We now exploit the classical property that $\mathbf Z[i]$ is a UFD. For notational convenience, we'll ignore the units of this ring (which are merely $u=\pm 1, \pm i$) when they don't play a part in the arguments. Let us show that $z\bar z$ and $z'\bar z'$ are in fact co-prime in $\mathbf Z$. When reasoning in $\mathbf Z[i]$, the only thing to show will actually be that $z, \bar z'$ are also co-prime. Let $p$ be a rational prime dividing both $z\bar z,z'\bar z'$ @. There are three cases to consider according to the prime decomposition of $p$ in $\mathbf Z[i]$ : (1) If $p$ is inert, i.e. $p$ remains a prime in $\mathbf Z[i]$, condition @ implies that $p$ divides $z$ or $\bar z$, hence $p$ divides both $z,\bar z$ because $p$ is fixed by complex conjugation; similarly $p$ divides both $z',\bar z'$: contradiction with the co-primarity of $z,z'$ ; (2) If $p$ is totally decomposed, i.e. $p=\pi\bar\pi$, where $\pi$ is a prime of $\mathbf Z[i]$ and $\bar\pi \neq u\pi$, condition @ implies, say, that $\pi$ divides $z$ (hence does not divide $z'$) and $\bar\pi$ divides $\bar z$ (hence not $\bar z'$) : contradiction ; (3) If $p$ is ramified, then necessarily $p=2=-i{\pi}^2=\pi\bar\pi$, with $\pi=1-i$, and @ implies that $\pi$ divides both $z,\bar z$, hence does not divide neither $z'$ nor $\bar z'$ : contradiction.
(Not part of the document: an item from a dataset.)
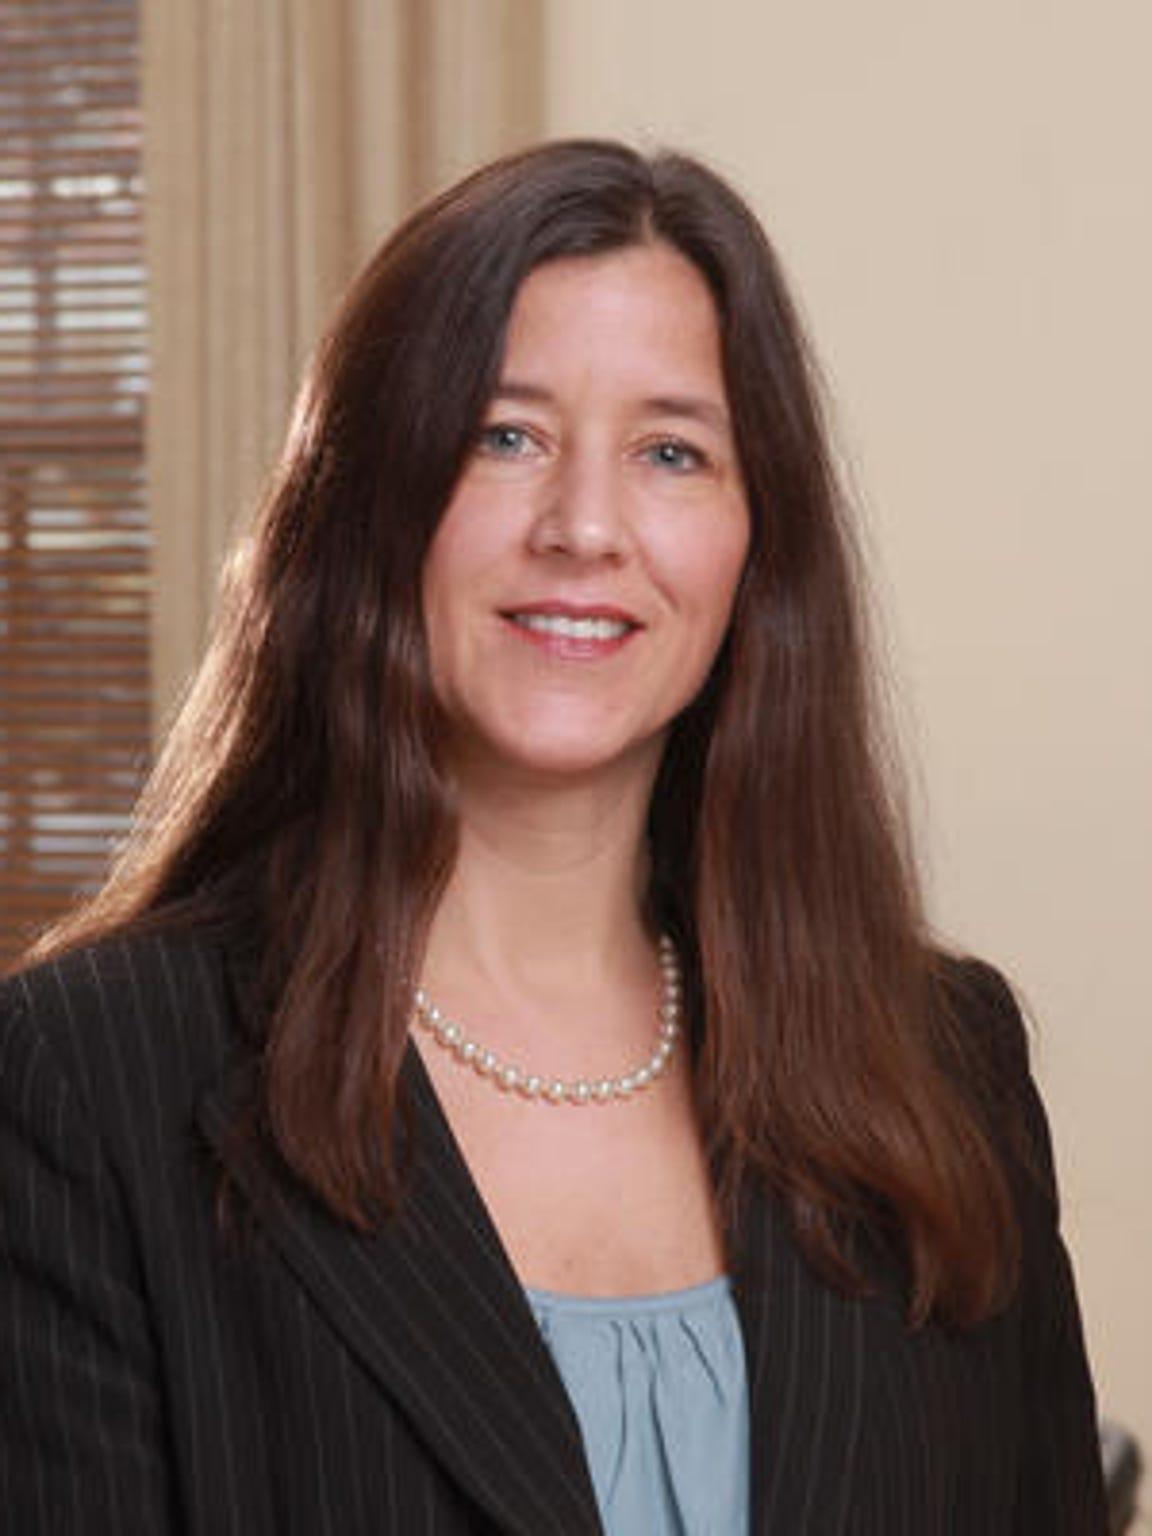 Bernice Whaley is Delaware's director of economic development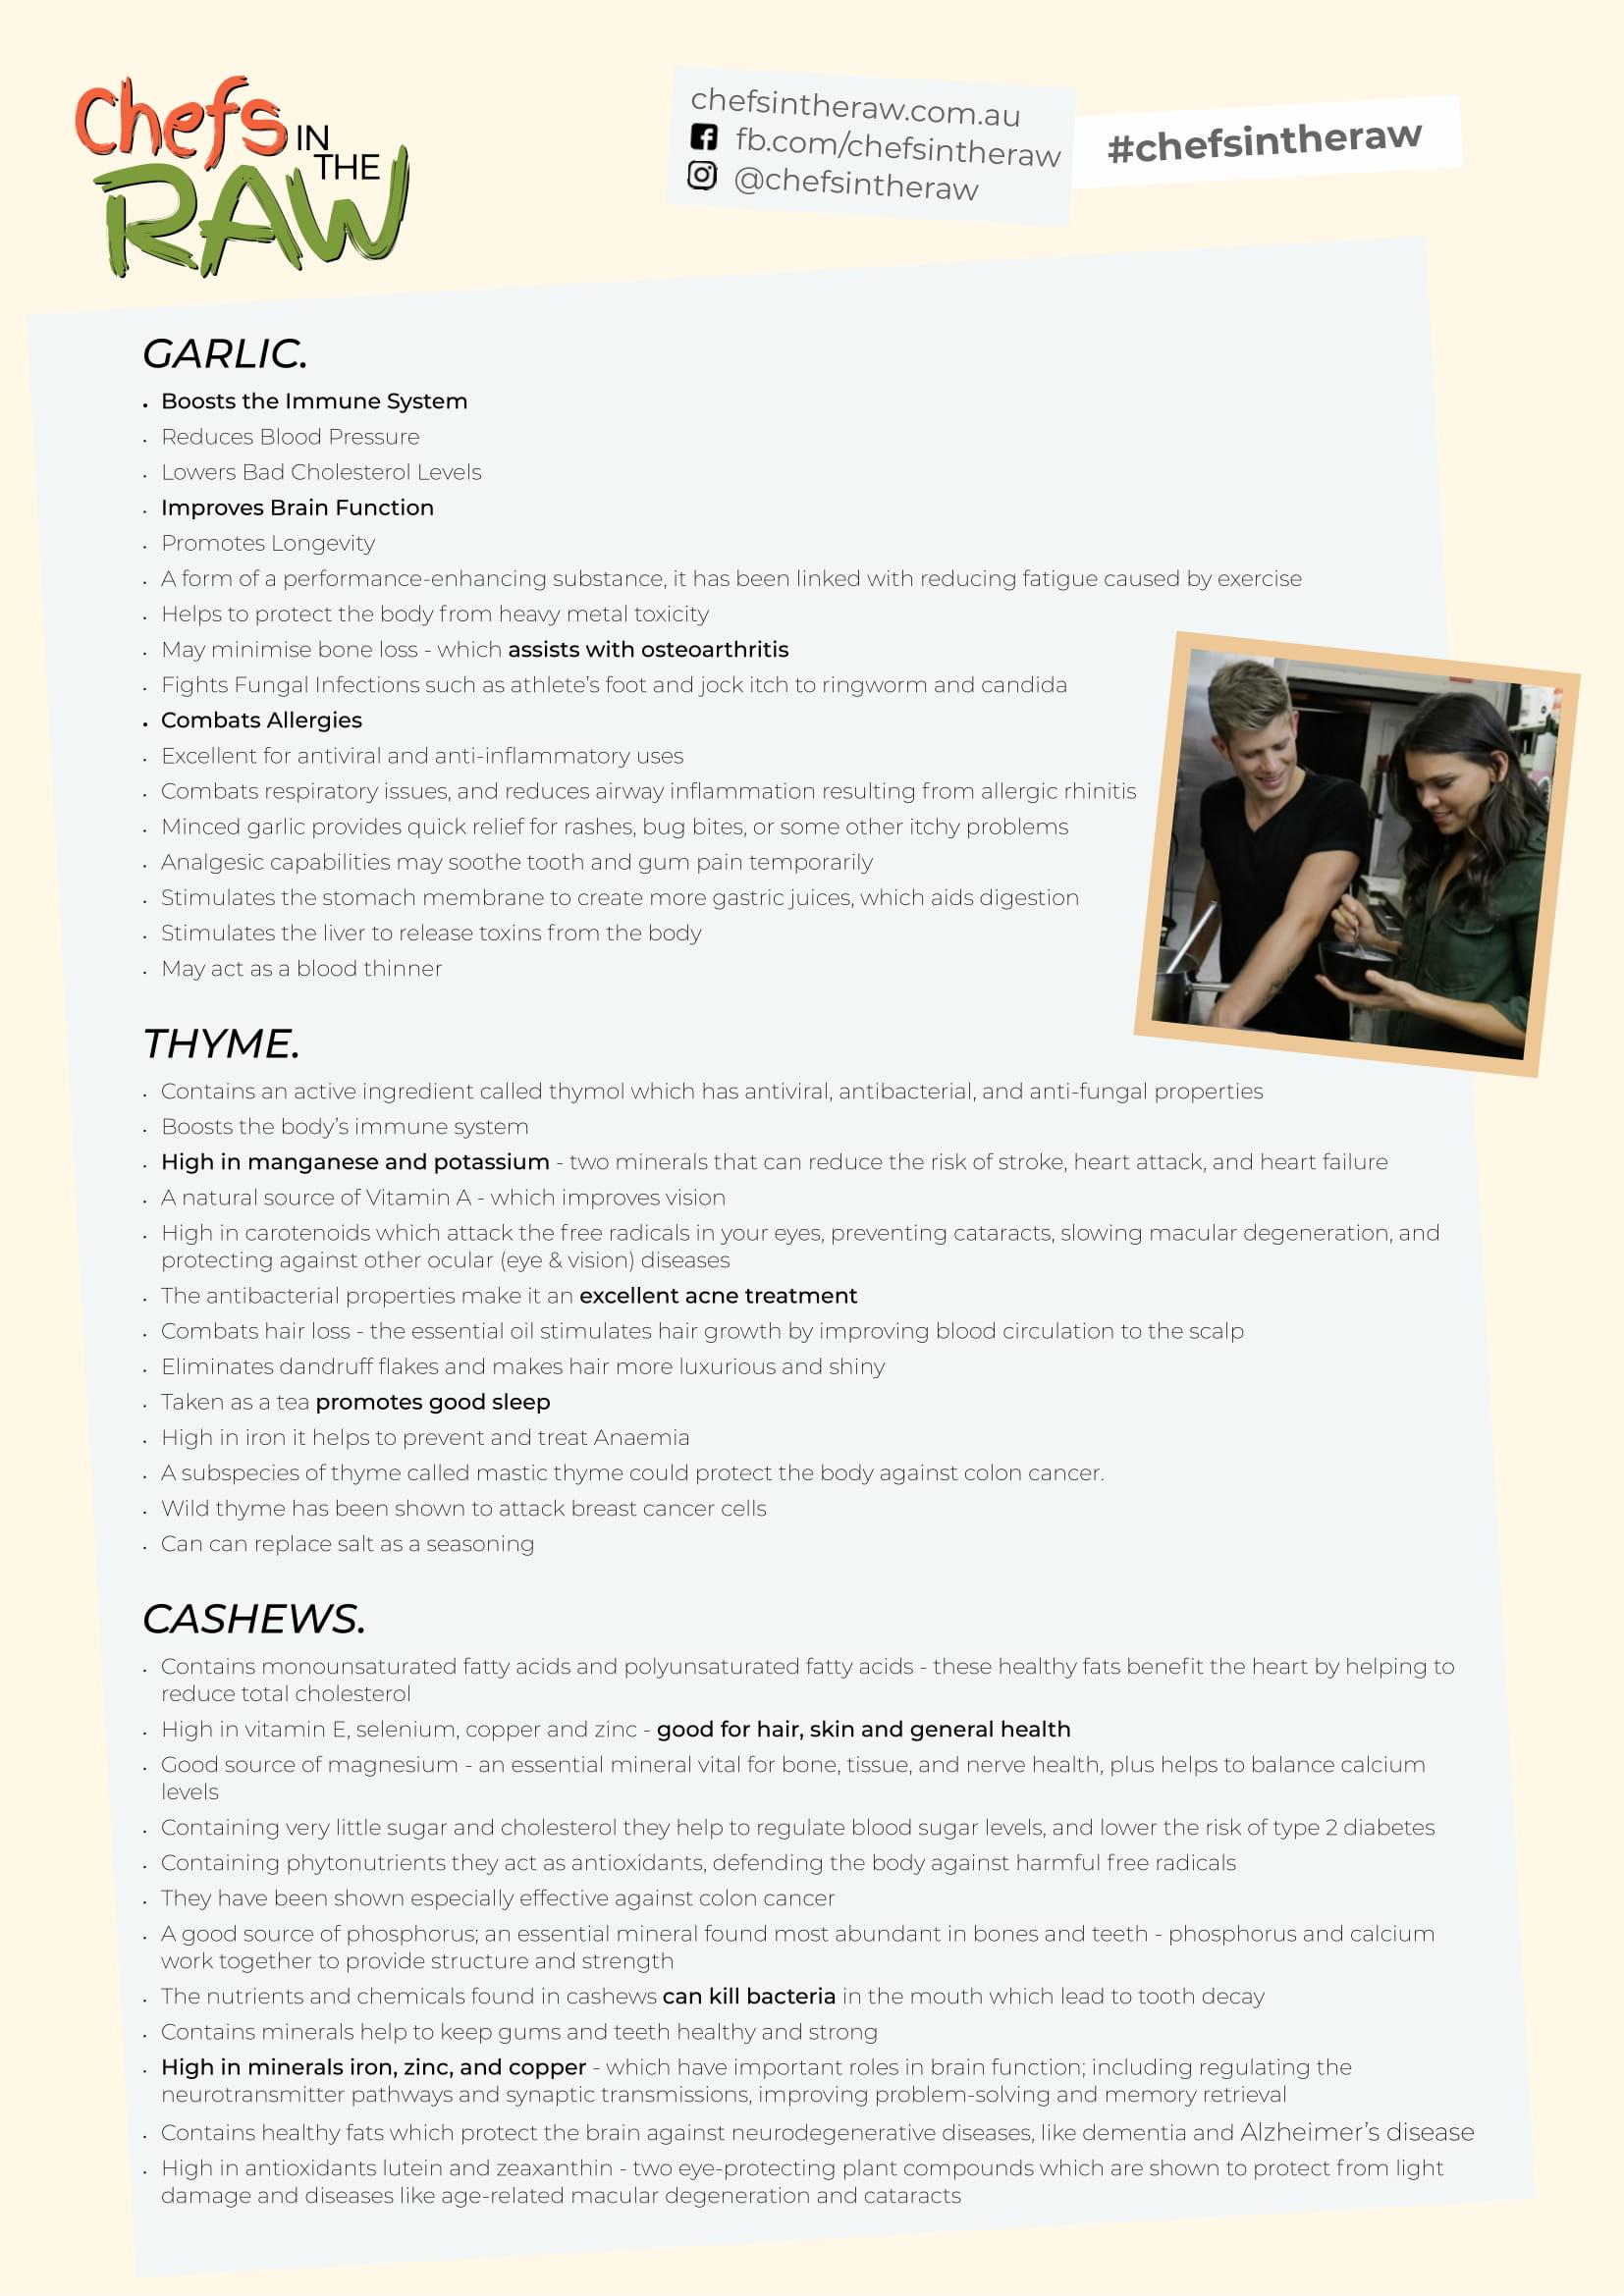 nutrition_creamymushroomsoup-2.jpg

Conclusion. We have shown that $z\bar z$ and $z'\bar z'$ are co-prime, and since $x$ and $y$ are co-prime by hypothesis, equation (*) implies that $x=z'\bar z'$ and $y=z\bar z$ ./.
Assume $$\frac{x}{y}=(\frac{a}{b})^2+(\frac{c}{d})^2=\frac{a^2d^2+b^2c^2}{b^2d^2}$$
If a prime $p$ divides $b^2d^2$ and $a^2d^2+b^2c^2$, then $p|b$ or $p|d$. Hence $p|ad$ or $p|bc$. This impies that $p$ divides $ad$ AND $bc$. Hence numerator and denominator are divisible by $p^2$. The squares remain squares, and we can continue until the fraction is irreducible.